Now, if you followed my other blog, A Gamer Forever Voyaging, then you might feel a bit cheated here, as a lot of this post is lifted from the piece I wrote about this game over there, back in February 2011.  So if you've read it before, you might feel a little nostalgic.  Hey, I've used brand new screen shots, what more do you want?

If you haven' t read it before, then you still might feel nostalgic as you think back to the time when you loaded up this ZZAP! 64 Gold Medal winner and had your mind blown.  Armalyte was grander in scope and ambition than probably any 8-bit computer shmup had previously shown, and was lapped up by any fans of arcade blasters with half a brain.

I'm blue, bah-dn-bee, bah-dn-bouw.
The plot of Armalyte is... oh, who cares? Something or other that loosely ties it in with Delta... apparently, it seemed like a good idea to market this as a sequel to that game, as if this wasn't good enough to stand on its own.  As it happens, it's more than good enough, and certainly doesn't need the Delta II subtitle it was lumbered with.

Armalyte is a game that takes every other shoot 'em up on the Commodore 64, and ramps up all their best bits by a few notches. It starts in classic Nemesis/Gradius fashion, with your ship flying from left to right as waves of enemies barrel toward you, intent on your destruction. The power-up system is different, though... rather than collecting pods left behind by the destruction of enemy formations, as in Konami's classic, weapons pods are found floating in space, and you activate them by blasting them.

For some reason I fancy a trip to Red Lobster now.
Shooting the floating pods repeatedly switches them through a cycle that includes increased forward fire, rear fire and vertical fire, among others. And if that's not enough for you, there are three huge laser weapons you can switch between that are very satisfying to unleash. Oh, and you start the game with a drone ship which replicates your firepower, which is just as well, given everything you have to attempt to cope with...

There are a few things that elevate Armalyte beyond the bog-standard shooter. The first thing you're likely to notice is the number of opposing ships that you have to deal with. The attack waves come thick and fast, with each containing a good number of enemies. They're relentless, and they're difficult to deal with as they whip about at an often alarming rate. It's overwhelming at first, and you'll find yourself crushed into space dust far more often than you'd like.

What's that? The last one wasn't a boss? This is the boss? Ohhh, damn...
Then there are the levels themselves. Every one is huge and you'll often be praying for the relative safety of empty space, as you'll frequently find yourself with just a small gap to squeeze through, which mightn't be so bad if it wasn't for the alien attack ships waiting on the other side...

There's quite a bit of variety to the levels, which is highly commendable.

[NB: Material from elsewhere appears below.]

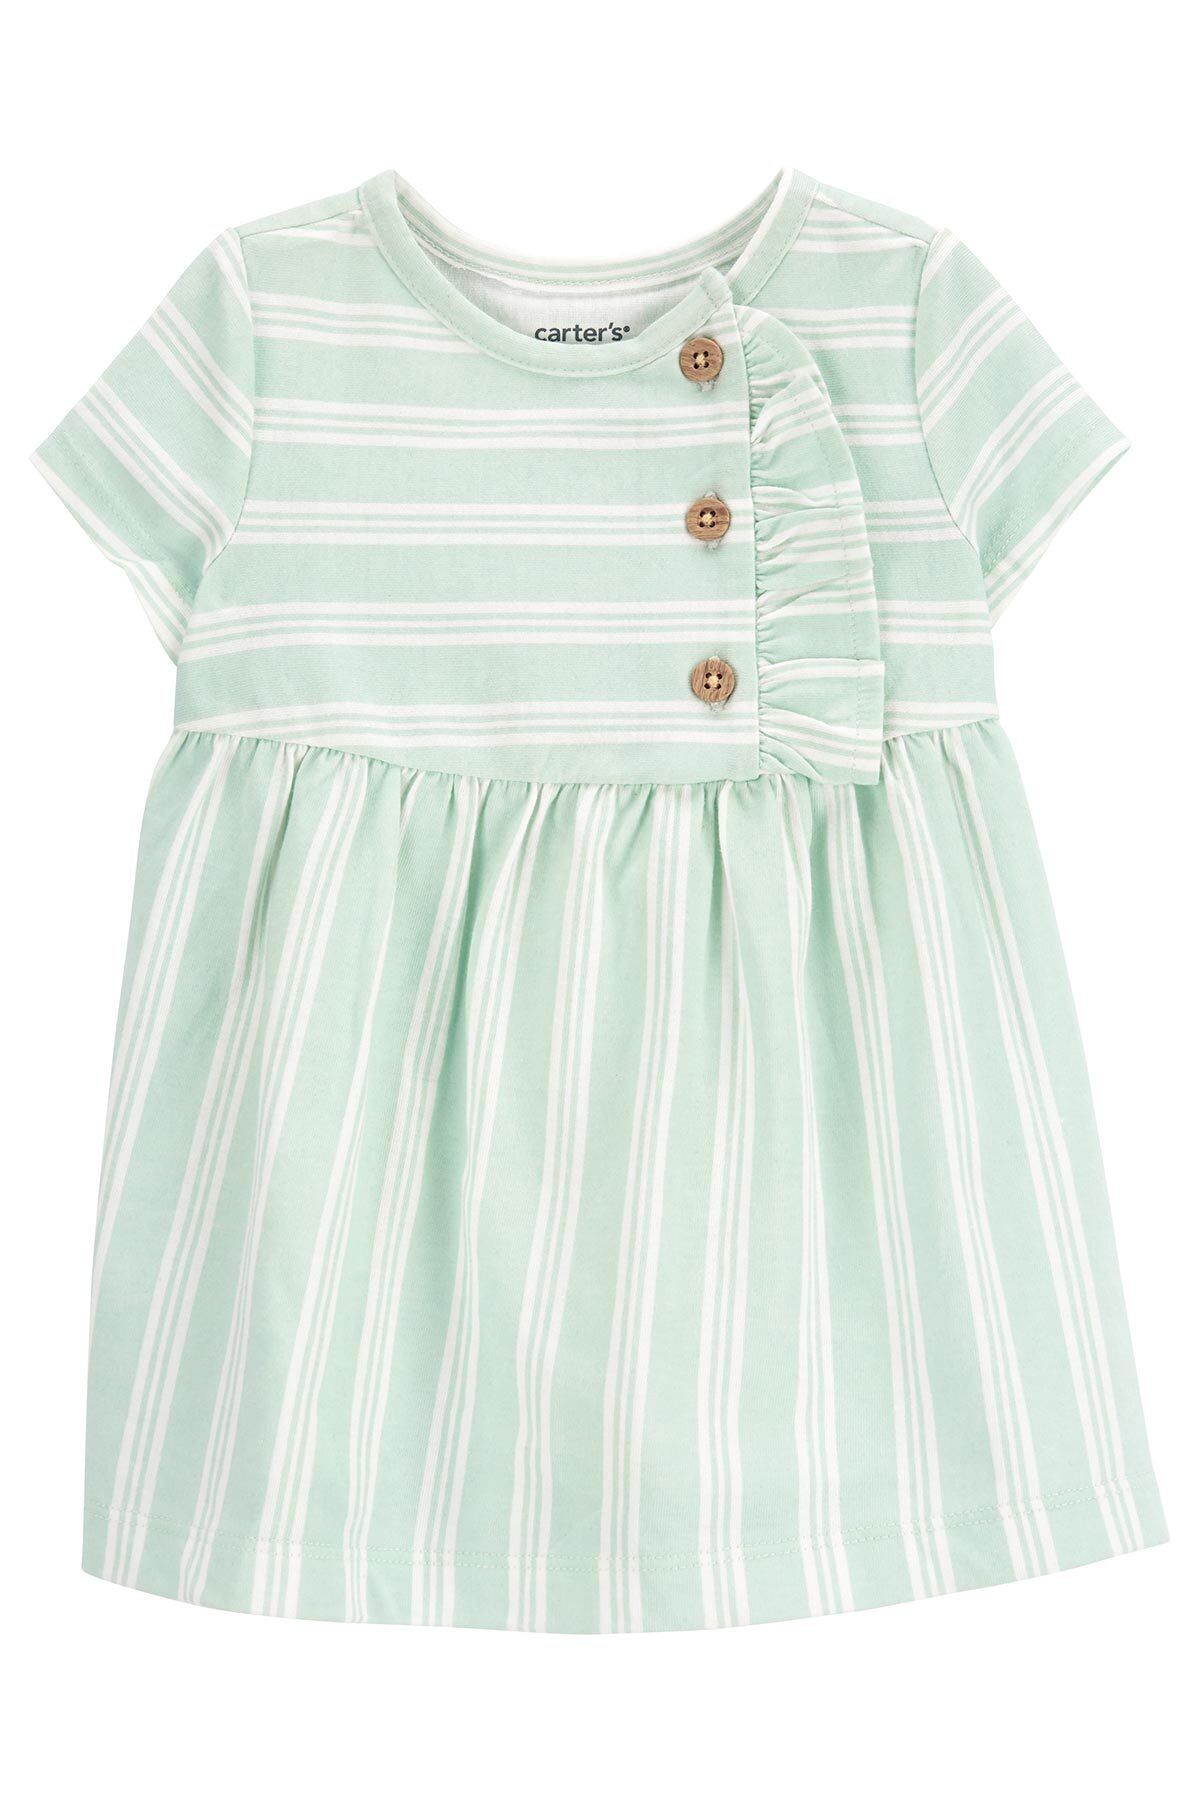 Carter's Kız Bebek Kısa Kollu Elbise Yeşil

OK, so the game loads each level separately, but I can think of plenty of multiload games that didn't try so hard. The levels change in colour as you move through them, and each has its own style, giving the game a massive sense of scale.

Ha! Eat laser death, you giant, flying pincer thing.
Should you negotiate the countless minions and treacherous landscapes, you'll find that each level has its own gigantic boss to overcome. These are actually probably the weakest points of Armalyte. They're not bad, don't get me wrong... they're just a teensy bit too similar to each other. It's always been pretty difficult to come up with good enemy boss ships, it seems, and for all they look impressive, especially when they take it upon themselves to fly across the screen at you, I can't help but feel they could have been better somehow. But that's as much a constraint of the horizontally-scrolling shoot 'em up as anything else.  And I'm not a game designer, so it's all very well for me to say that when I almost certainly couldn't dream up anything to even match them.  I'll just shut up now.

This lot almost make The Red Arrows look dull!
Armalyte is a wonder of the 8-bit era. It came at a time when people thought they could no longer be surprised or impressed by a Commodore 64 game, and were proven wrong in slack-jawed amazement. It was easily Thalamus' most impressive release to date from a technical standpoint, and fully deserving of its Gold Medal, and any other honours that may have been thrown its way. It's good enough to make me want to play again now that I've finished writing about it... the sign of a top-notch game if ever there was one.

You can bet it'll have a place in the book, probably with nice big screenshots too.  Hopefully there'll be some accompanying words from the lads behind it as well.  It's no accident that it's consistently in "Best of C64" lists... it's one of the crowning glories of its time.